Rack controller HA is provided for BMCs out of the box. MAAS will
automatically identify which rack controllers can communicate to which BMCs
and pass BMC actions to the correct rack controllers.

To provide HA for deploying machines, DHCP HA must be turned on. DHCP HA in
MAAS allows a primary and a secondary DHCP server to run on the same VLAN. This
allows a deploying machine to request an IP address from either DHCP server
(primary first) for PXE booting. The responding rack controller will then
handle PXE booting the machine and loading the required files to complete the
deployment. All lease information will be replicated between the primary and
secondary rack controller, allowing one rack controller to fail without
interrupting MAAS operation.

Enabling DHCP HA
^^^^^^^^^^^^^^^^

DHCP works at the VLAN level, providing interfaces connected to that VLAN the
ability to get an IP address on a subnet. This requires a subnet be defined
on the VLAN where DHCP will be enabled, along with a range of IPs that will be
assigned to unknown interfaces (called the 'dynamic range'). Enabling DHCP HA
is the same as enabling DHCP without HA; setting a secondary rack controller
will turn DHCP HA on.
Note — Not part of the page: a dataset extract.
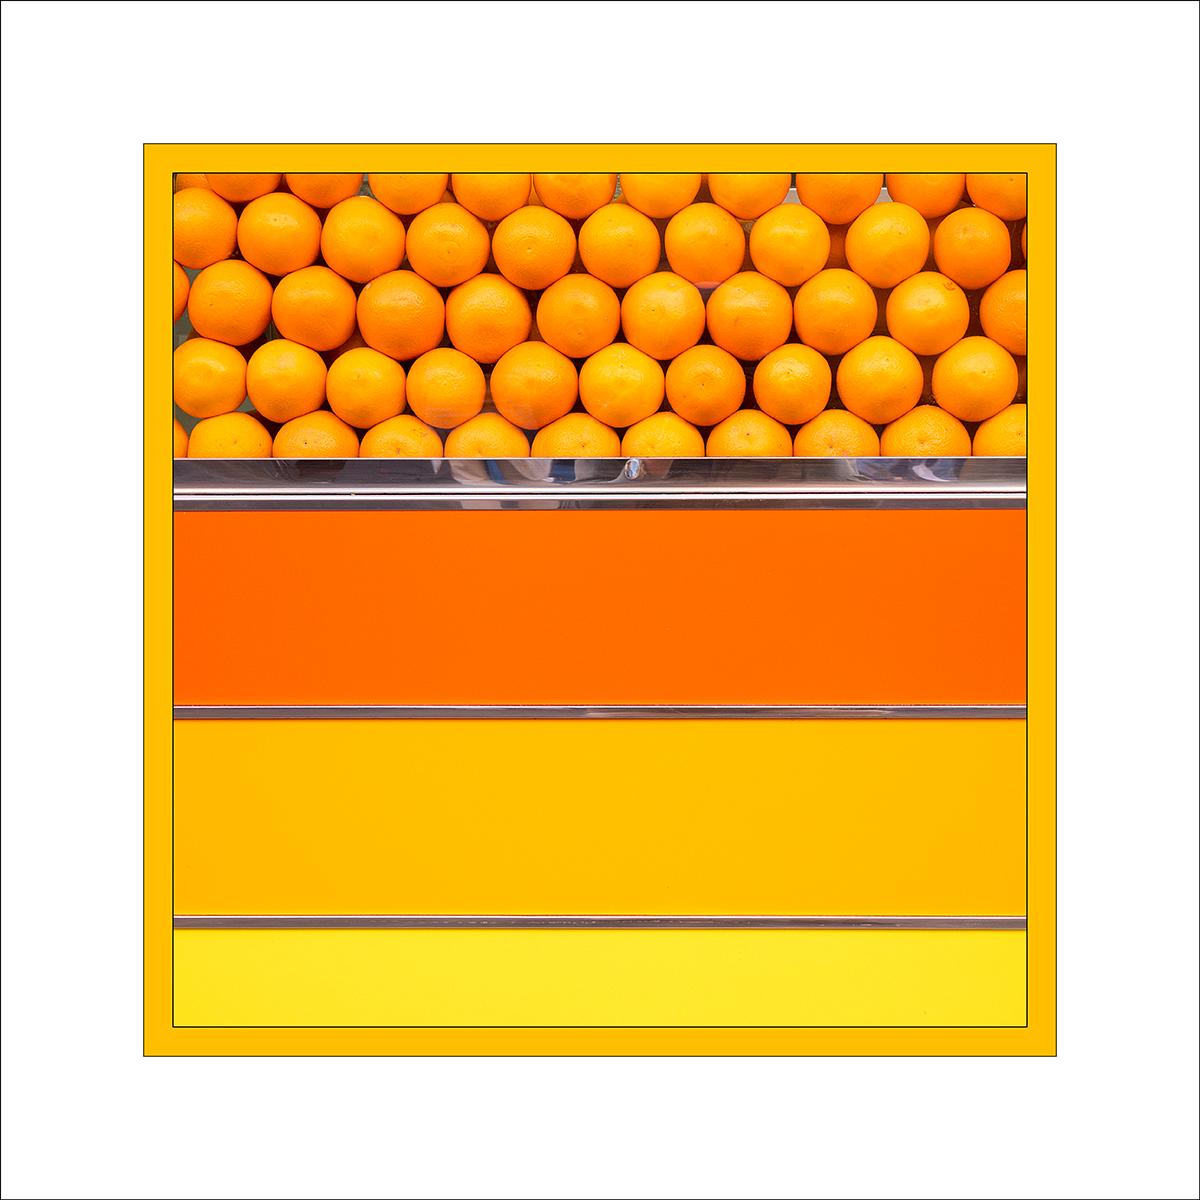 Orange.10062 by jotloob in jotloob
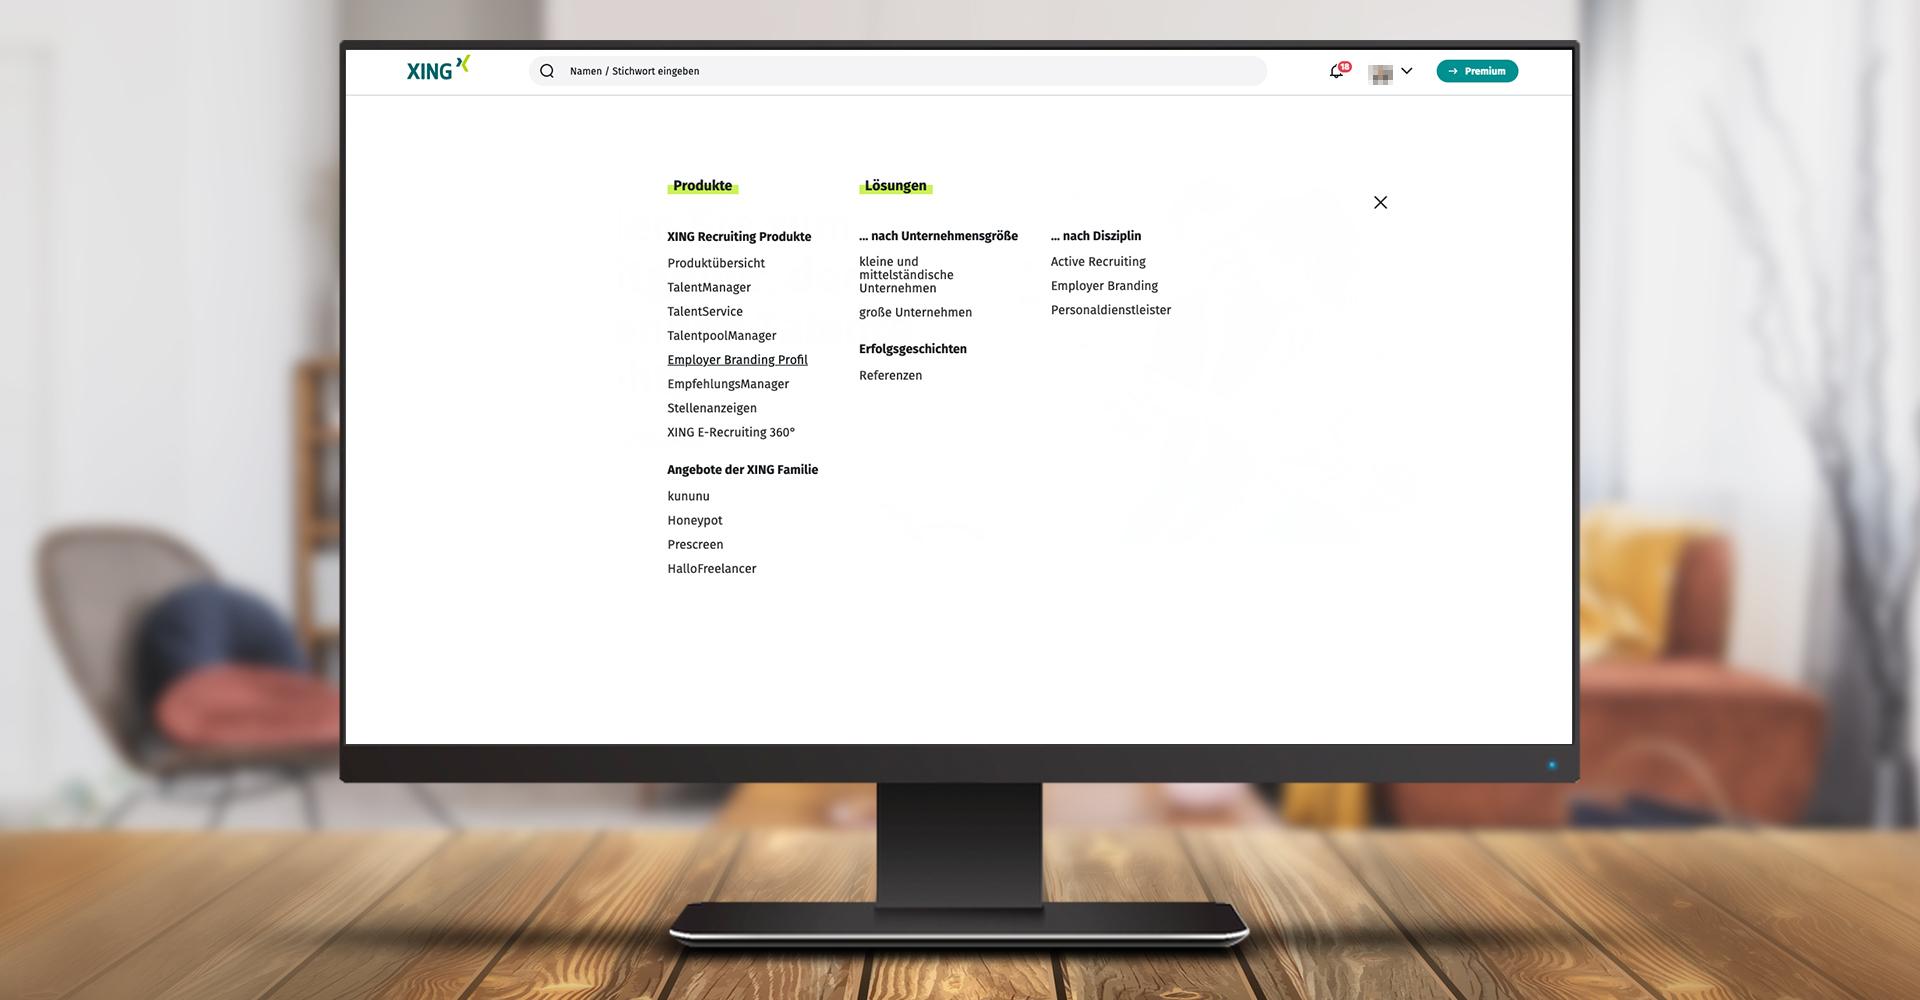 Screenshot des Menüs, unter dem Sie das Upgrade Ihrer Unternehmensseite zu einem Employer-Branding-Profil wählen

Follow the instructions at :doc:`rack-configuration` to
enable DHCP HA.


Region Controller HA
--------------------

Region controller HA is more complicated, in that MAAS allows you to configure
this in many different configurations. Any number of region controllers can
be added to MAAS, as long as they connect to the same PostgreSQL database. The
only state that is held in MAAS is in the database, allowing region controllers
to be scaled up and scaled down at will.

Initial Region Controller
^^^^^^^^^^^^^^^^^^^^^^^^^

The first step to enabling HA for the MAAS region controller is installing the
``maas-region-controller`` package. This package configures everything for you
to start using the MAAS region controller on one machine. It initializes a new
database, runs the migrations, and sets up the default configuration files for
the new MAAS region controller to run. ::

    $ sudo apt update
    $ sudo apt install maas-region-controller

.. note::

  This installs and configures the PostgreSQL database on the same machine as
  the region controller. When possible, this is the recommended configuration.
  MAAS requires database access to be fast, since all MAAS state (including
  operating system images, which will be synchronized with each rack
  controller).

Enabling PostgreSQL HA
^^^^^^^^^^^^^^^^^^^^^^

MAAS stores all state information in the PostgreSQL database, so it is key to
place this into an HA configuration. PostgreSQL supports many different HA
configurations, but hot standby is recommended as it allows the secondary
database to become the primary quickly and the MAAS region controller can
quickly switch to using the secondary database server as the primary. For
configuring hot standby, the following wiki provides a quick start guide on
setting it up: `https://wiki.postgresql.org/wiki/Hot_Standby`_.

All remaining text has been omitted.